1.      Examen et critique de la jurisprudence CILFIT e.a.

44.   L’article 234 CE réglemente le mécanisme de collaboration entre la Cour et les juridictions des États membres de telle façon que, selon son deuxième alinéa, ces dernières ont la faculté de déférer des questions préjudicielles à la Cour tandis que, conformément au troisième alinéa, lorsque leurs décisions ne sont pas susceptibles d’un recours juridictionnel de droit interne, elles sont tenues de saisir la Cour de ces questions.

45.   Au fil des controverses dont elle a eu à connaître, la Cour a précisé la portée du principe: d’une part, elle a affiné les contours de cette obligation apparemment inconditionnelle des juridictions nationales statuant en dernière instance; d’autre part, elle a élaboré une distinction au regard du régime juridique de l’objet de la question, selon qu’elle porte sur l’interprétation ou sur la validité d’un acte communautaire.

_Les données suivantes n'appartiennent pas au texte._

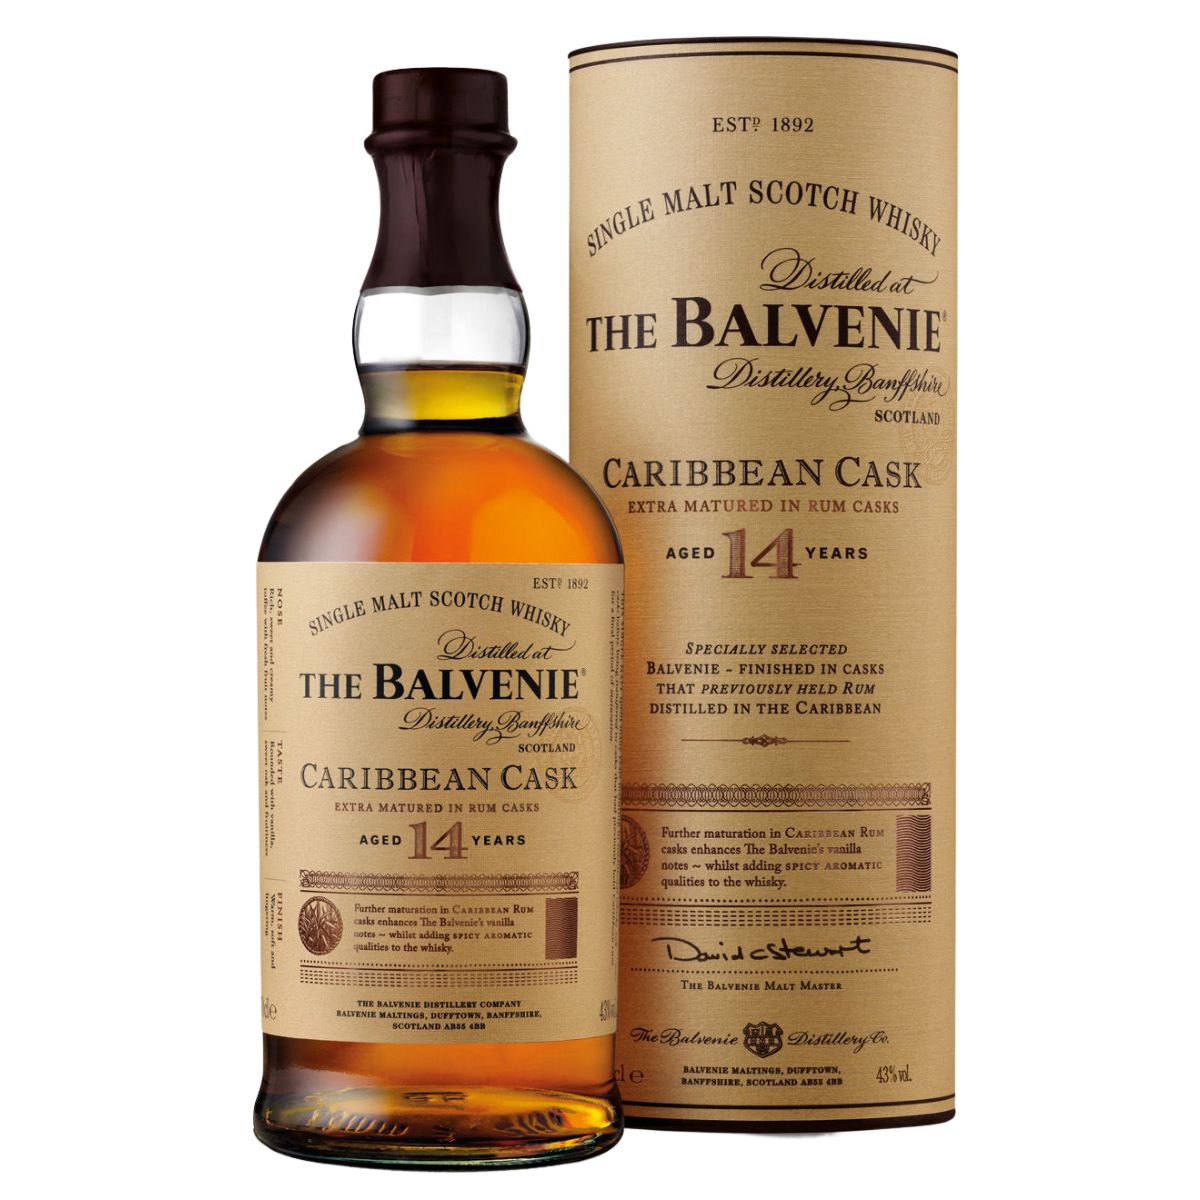 The Balvenie | 14 Year Old Caribbean Cask | Single Malt Whisky | 70cl

46.   En ce qui concerne l’obligation des juridictions nationales statuant en dernier ressort, la jurisprudence a tempéré sa rigueur à plusieurs égards, en introduisant certaines exceptions qui seront exposées ci-après en vue d’une meilleure compréhension de la signification du présent renvoi préjudiciel.

47.   En premier lieu, dans l’arrêt Da Costa en Schaake e.a. (23), la Cour a fixé une limite à cet impératif en déliant les juridictions nationales de leur obligation lorsque la question soulevée est matériellement identique à une question ayant déjà fait l’objet d’une décision à titre préjudiciel dans une affaire analogue (24). Le fondement de cette théorie réside dans l’idée que, dès lors qu’une disposition communautaire a été interprétée par la Cour, l’obligation de lui soumettre de nouvelles questions d’interprétation relatives à la même norme serait vidée de son contenu (25).

48.   Dans cet ordre d’idées, c’est-à-dire en vue de limiter l’obligation des juridictions nationales statuant en dernier ressort de saisir la Cour à titre préjudiciel, il y a lieu d’accorder une attention particulière à l’arrêt CILFIT e.a., qui a élargi l’éventail des situations dans lesquelles ces juridictions sont exemptées de recourir à l’aide de la Cour, en y ajoutant les cas dans lesquels cette dernière a résolu le point de droit en cause dans le cadre de procédures d’une autre nature, et ce même «à défaut d’une stricte identité des questions en litige» (26). Cet éventail comprend désormais en outre les cas dans lesquels les juridictions nationales suprêmes considèrent que la question d’interprétation n’est pas pertinente (27) et ceux dans lesquels l’application correcte du droit communautaire s’impose avec une évidence telle qu’elle ne laisse place à aucun doute raisonnable sur la manière de résoudre la question posée. Enfin, la Cour exige que, avant de conclure à l’existence d’une telle situation, la juridiction nationale soit convaincue que la même évidence s’imposerait également aux juridictions des autres États membres et à la Cour de justice (28).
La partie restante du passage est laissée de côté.